Я встаю. Колени хрустят. Подхожу вплотную к плите. Упираюсь ладонью в холодный гранит. Начинаю говорить - сначала тихо, почти шёпотом, почти всерьёз:

"Поступай так, чтобы правило твоего хотения могло стать естественным законом для всех идиотов, которые остались одни. Пусть они тоже сидят на могилах, пусть тоже не могут заснуть, пусть тоже покупают самое дешёвое пиво, потому что дорогое не имеет значения. И пусть знают, что это правильно - хотеть даже тогда, когда хотеть уже некуда и некого. Потому что в этом хотении - последняя нитка, связывающая нас с правдой. А правда - она не в небе, она во рту, когда давишься то ли слезами, то ли слюной, и понимаешь..."

А потом я наклоняюсь ещё ниже, почти касаясь носом земли, и заканчиваю уже не шёпотом, а каким-то другим голосом - сиплым, злым, счастливым:

"...понимаешь, что всё это дерьмо, вся эта философия, вся эта культура, вся эта "ноосфера" - нужны только для того, чтобы прикрыть одну простую вещь: я хочу в тебя войти. Хочу и сейчас. Даже если там черви и глина. Даже если ты уже не ты. Хочу как свинья, как старый пёс, как тот самый мужик, который не мылся три дня. И если кому-то это не нравится - пусть тот кто-то отойдёт в сторону и не мешает молиться. Потому что это и есть моя молитва. Аминь - то есть "да будет так", а будет так, как есть, - мерзко, честно, и без всякого продолжения".

Я замолкаю. С минуту стою, чувствуя, как по затылку течёт пот. Потом достаю сигарету, прикуриваю дрожащей рукой, оглядываюсь - никого. И думаю: вот она, та самая правда, которую невозможно сказать живым. Мёртвым можно всё. Потому что они не отмахнутся, не скажут ты слишком много о себе думаешь, не предложат сходить к психологу. Они просто лежат и впитывают. И наконец-то не лгут.

Выхожу с кладбища. На сиденье брюк - мокрое пятно. То ли от сырости, то ли от того самого, о чём думал в начале.
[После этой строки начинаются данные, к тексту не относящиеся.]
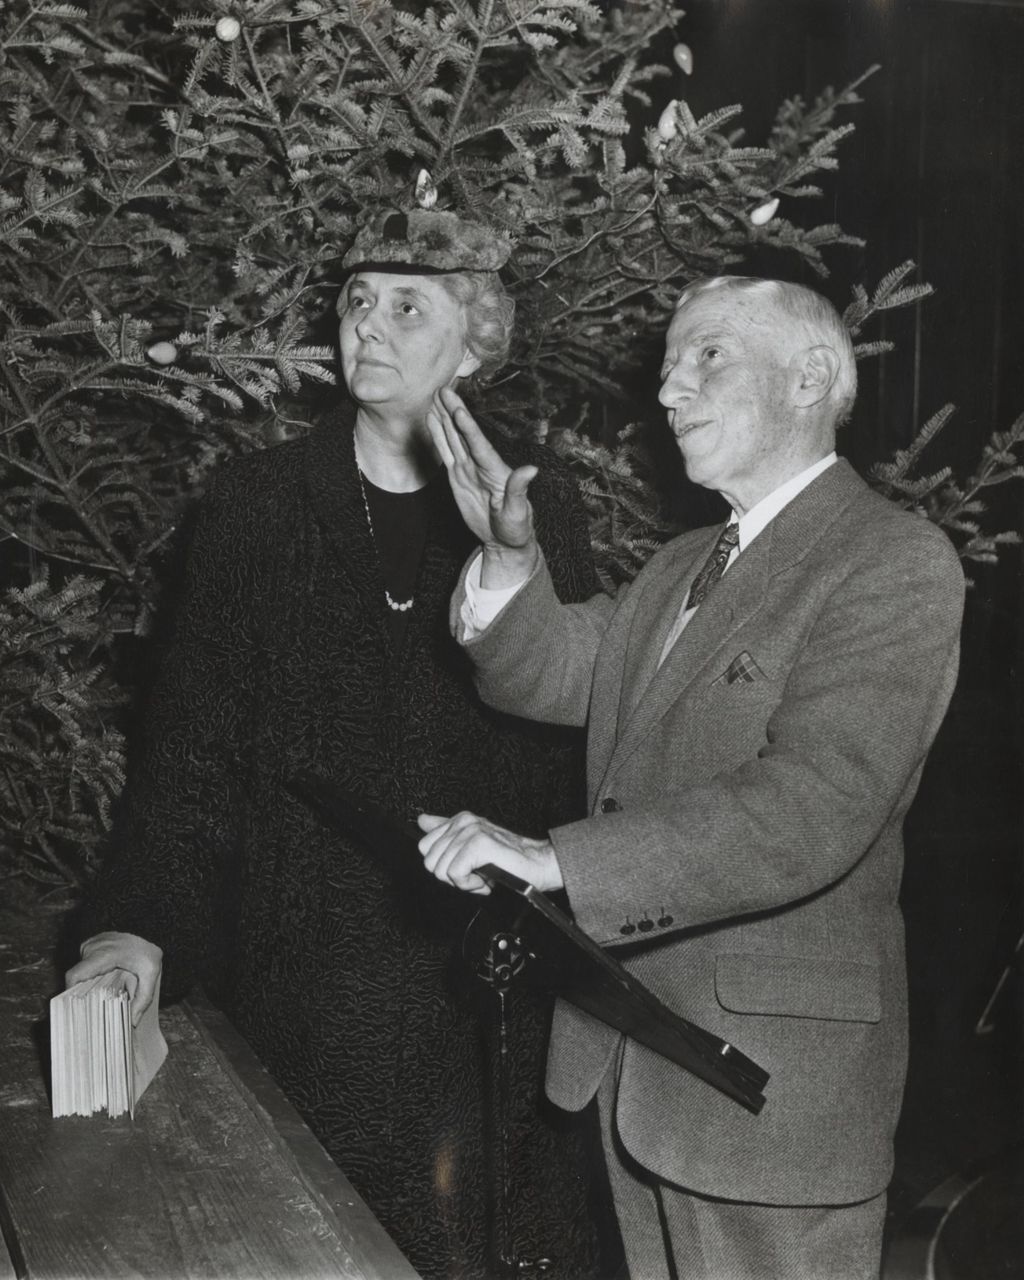 Hull-House board president Alma Petersen stands next to man at Hull-House event during Christmas season

Какая теперь разница.

Завтра куплю водки. Не самой дешёвой. И зажгу свечу - не перед иконой, а просто на подоконнике, чтобы было кому сказать: "Спокойной ночи, моя мёртвая коленка. Твоя очередь сниться мне в таком виде, в каком я тебя заслужил".

Купил.



Запись вторая. Темнота - дышит. Мёртвым - снится. Желание - осталось.

Я думала, что после смерти вообще ничего не снится. Что нет ни глаз, ни век, ни того тёмного зала внутри головы, где кино крутят без билета. Но ошиблась. Со мной это случается - не часто, но достаточно, чтобы заполнить всё пустое время между "уже" и "больше никогда". И сегодня ночью, когда на том конце земли он налил себе очередную рюмку и закурил с таким видом, будто совершает сакральный обряд обклеивания обоями собственного одиночества, - сегодня он приснился мне. Не я ему. Он - мне.

Я смотрела на него сверху. Нет, не с неба - с какой-то странной дистанции, одновременно огромной и микроскопической, как будто мои глаза стали размером с игольное ушко, а он в это ушко пролезал целиком - не помещаясь, но проходя.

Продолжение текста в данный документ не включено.